Work to be completed -
The whole listing, except its pictures, is to be repeated exactly.

Data segment -
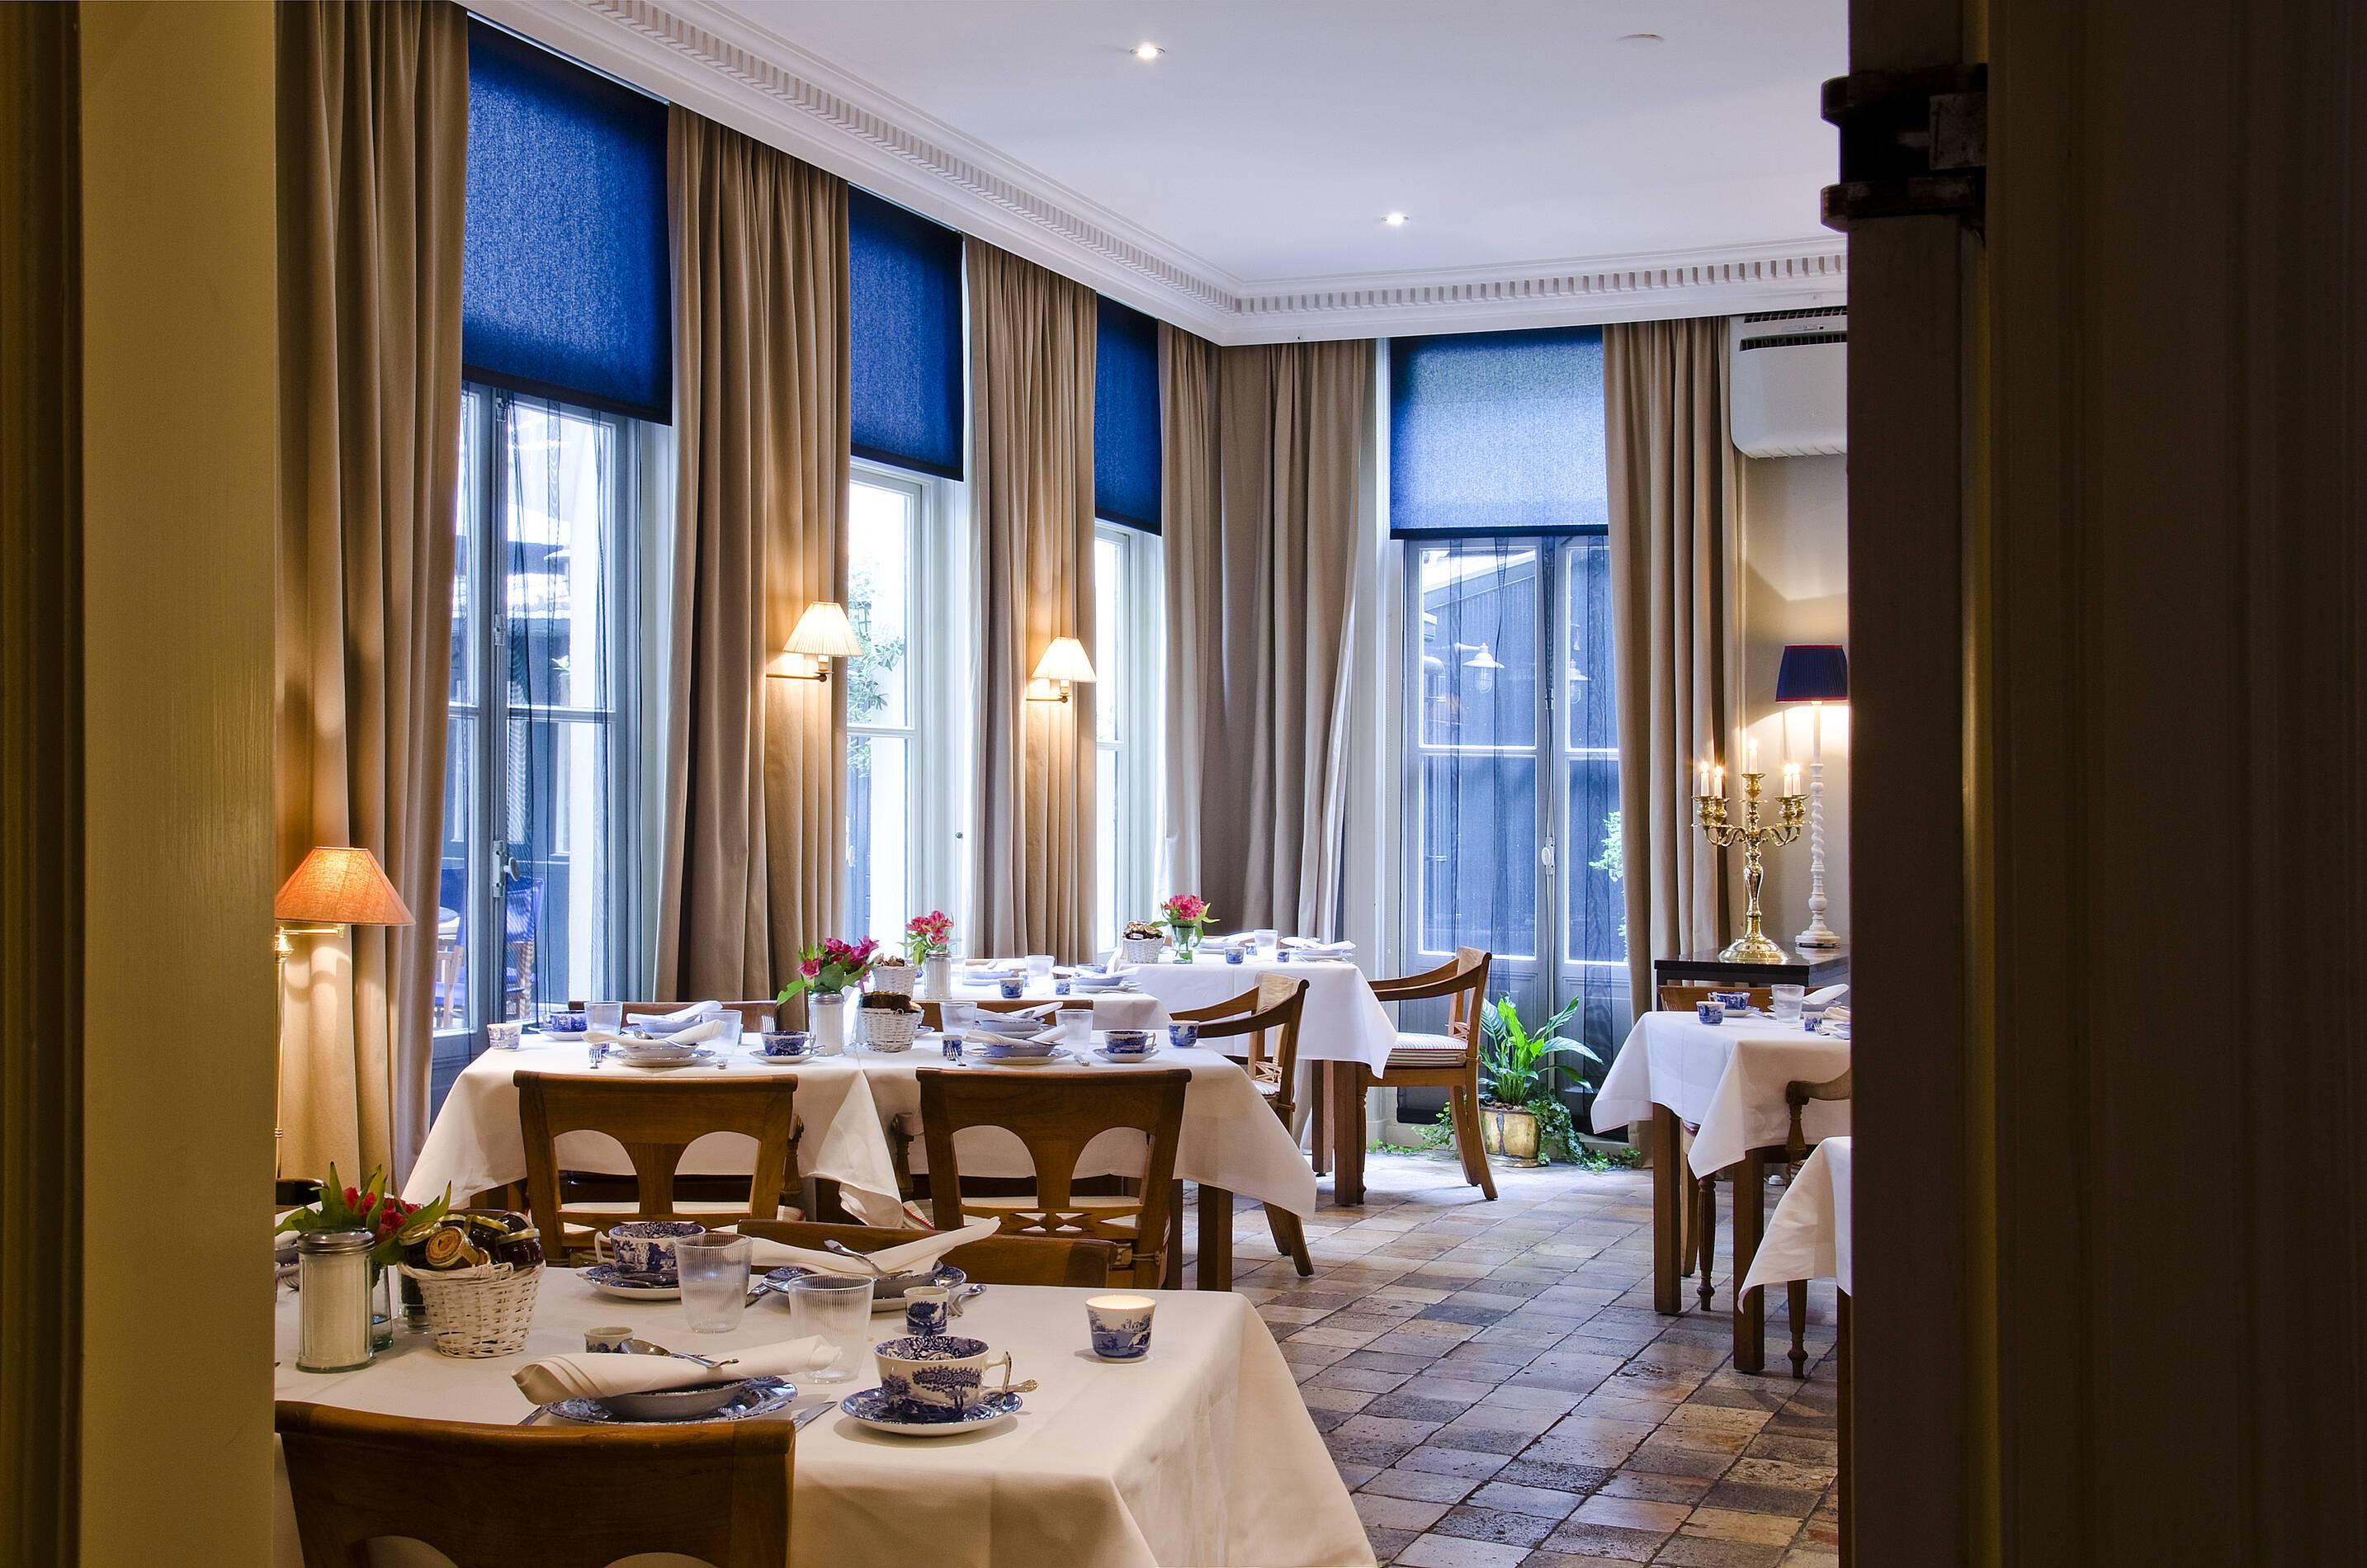 717 hotel restaurant stravinsky amsterdam
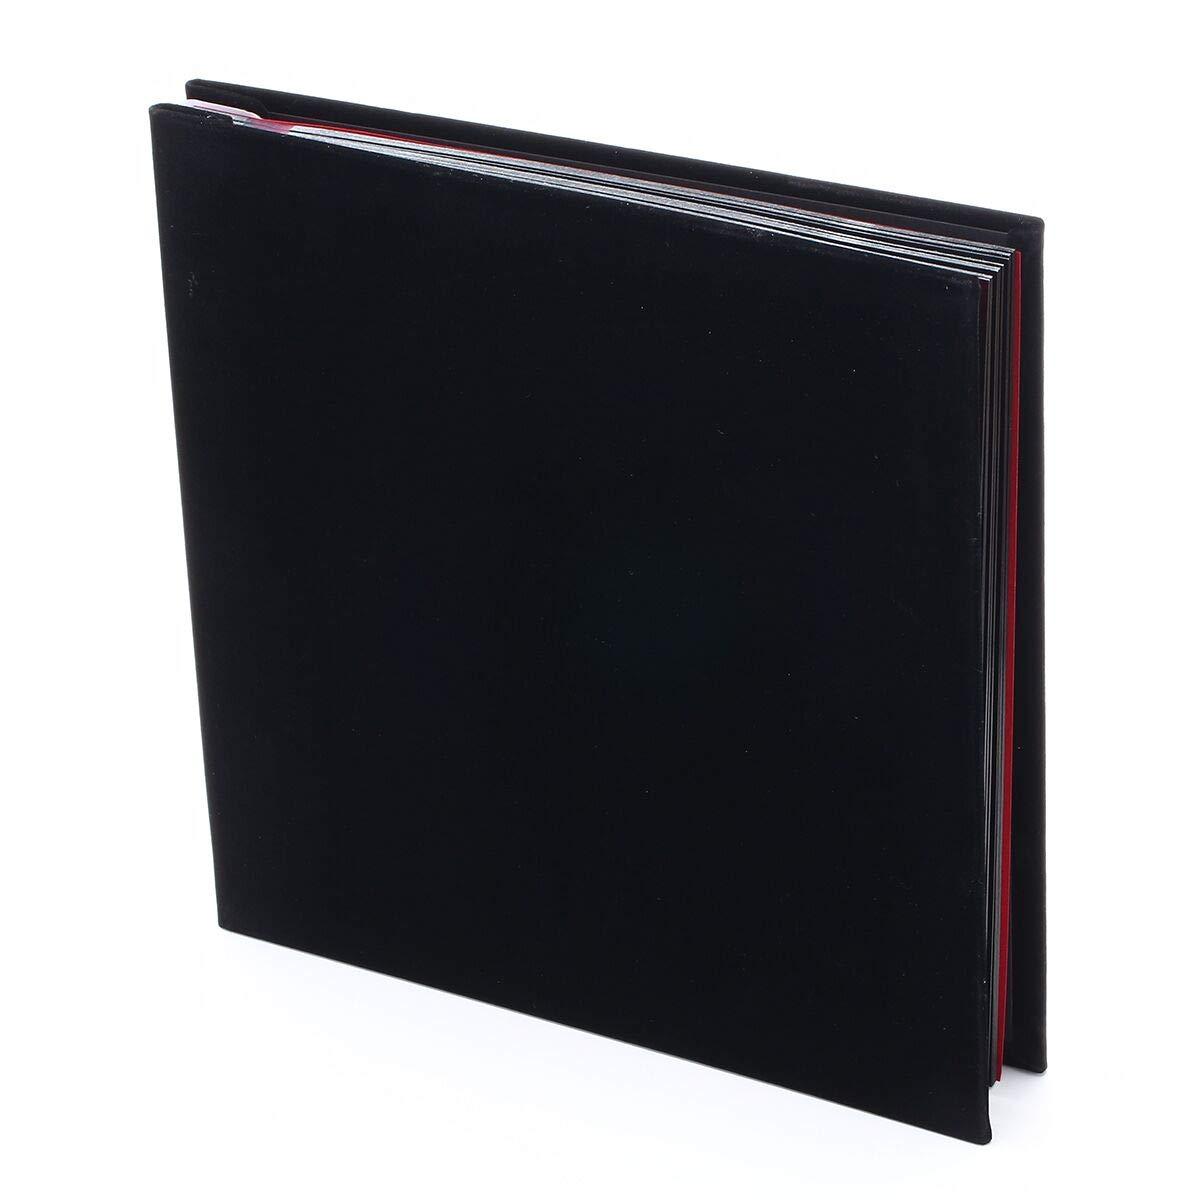 Álbum de Fotos Originales, diseño de la Cubierta de Gamuza 40 Páginas (20 hojas),Album Scrapbooking Puede ser Colocado de 80 Fotos 10x15 cm (marrón) chuangzang
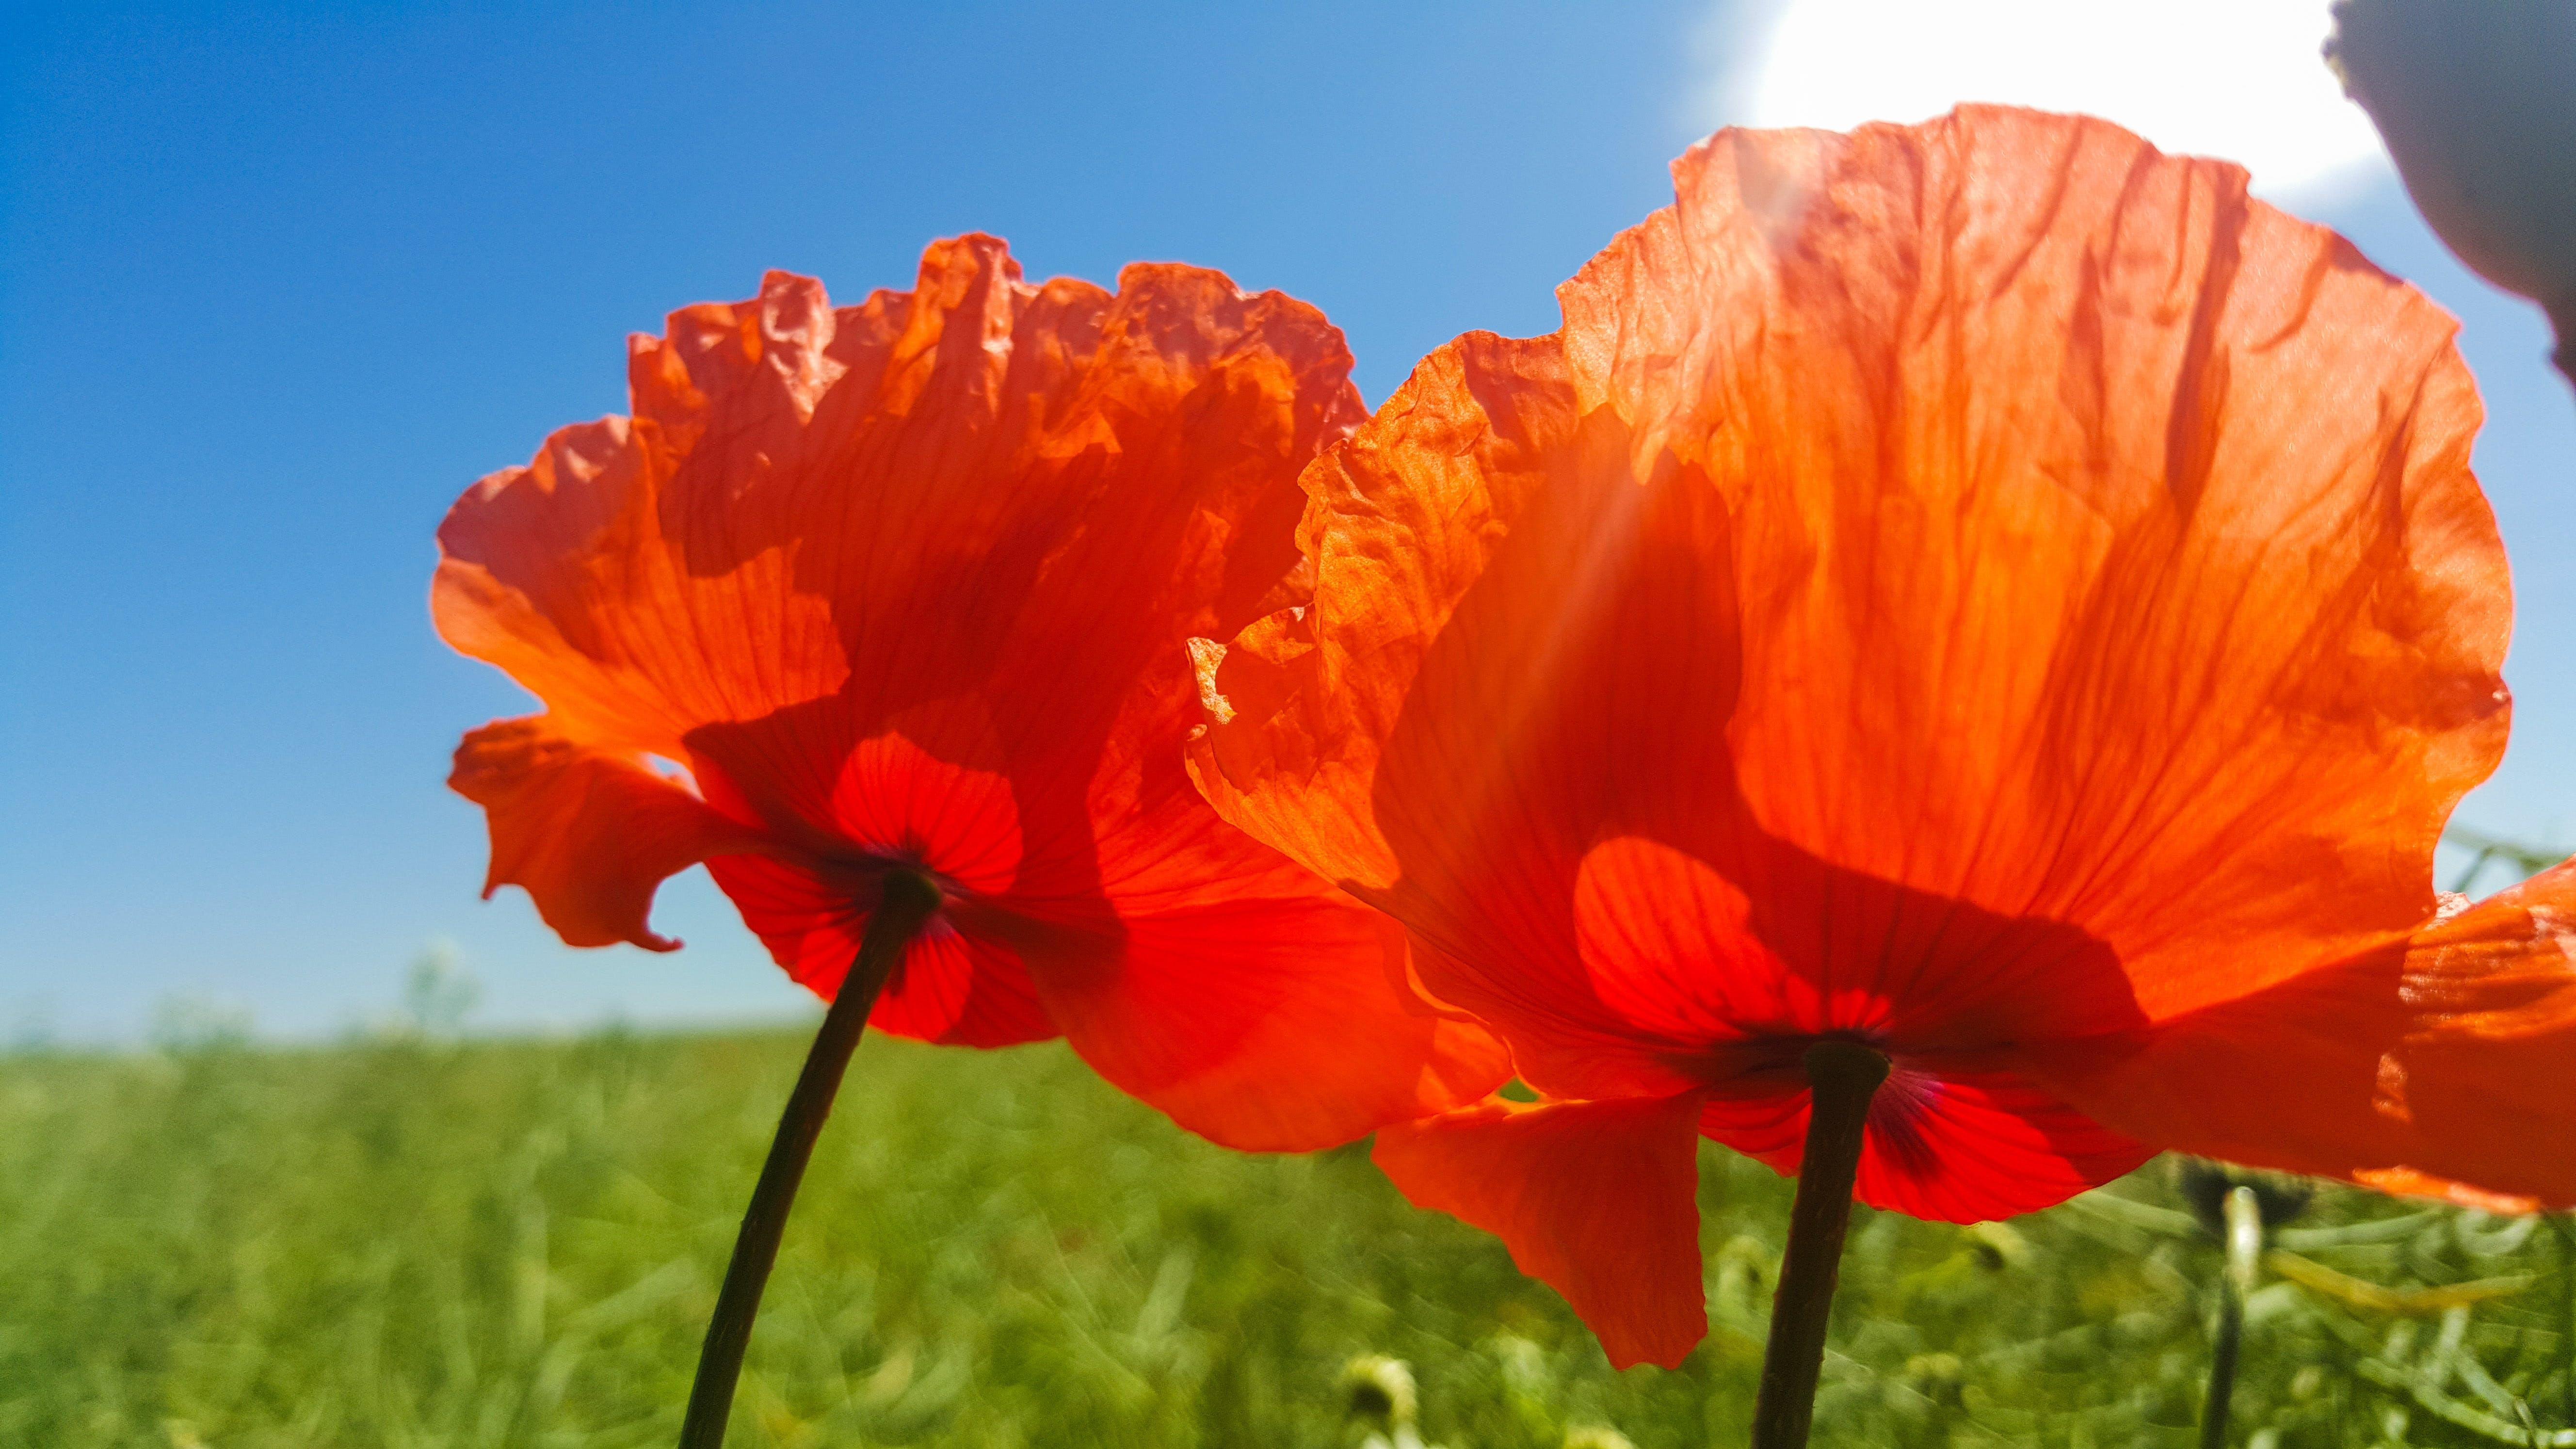 Close Up Photo of Orange Petaled Flower

Response to the task -
 717 hotel restaurant stravinsky amsterdam
 Álbum de Fotos Originales, diseño de la Cubierta de Gamuza 40 Páginas (20 hojas),Album Scrapbooking Puede ser Colocado de 80 Fotos 10x15 cm (marrón) chuangzang
 Close Up Photo of Orange Petaled Flower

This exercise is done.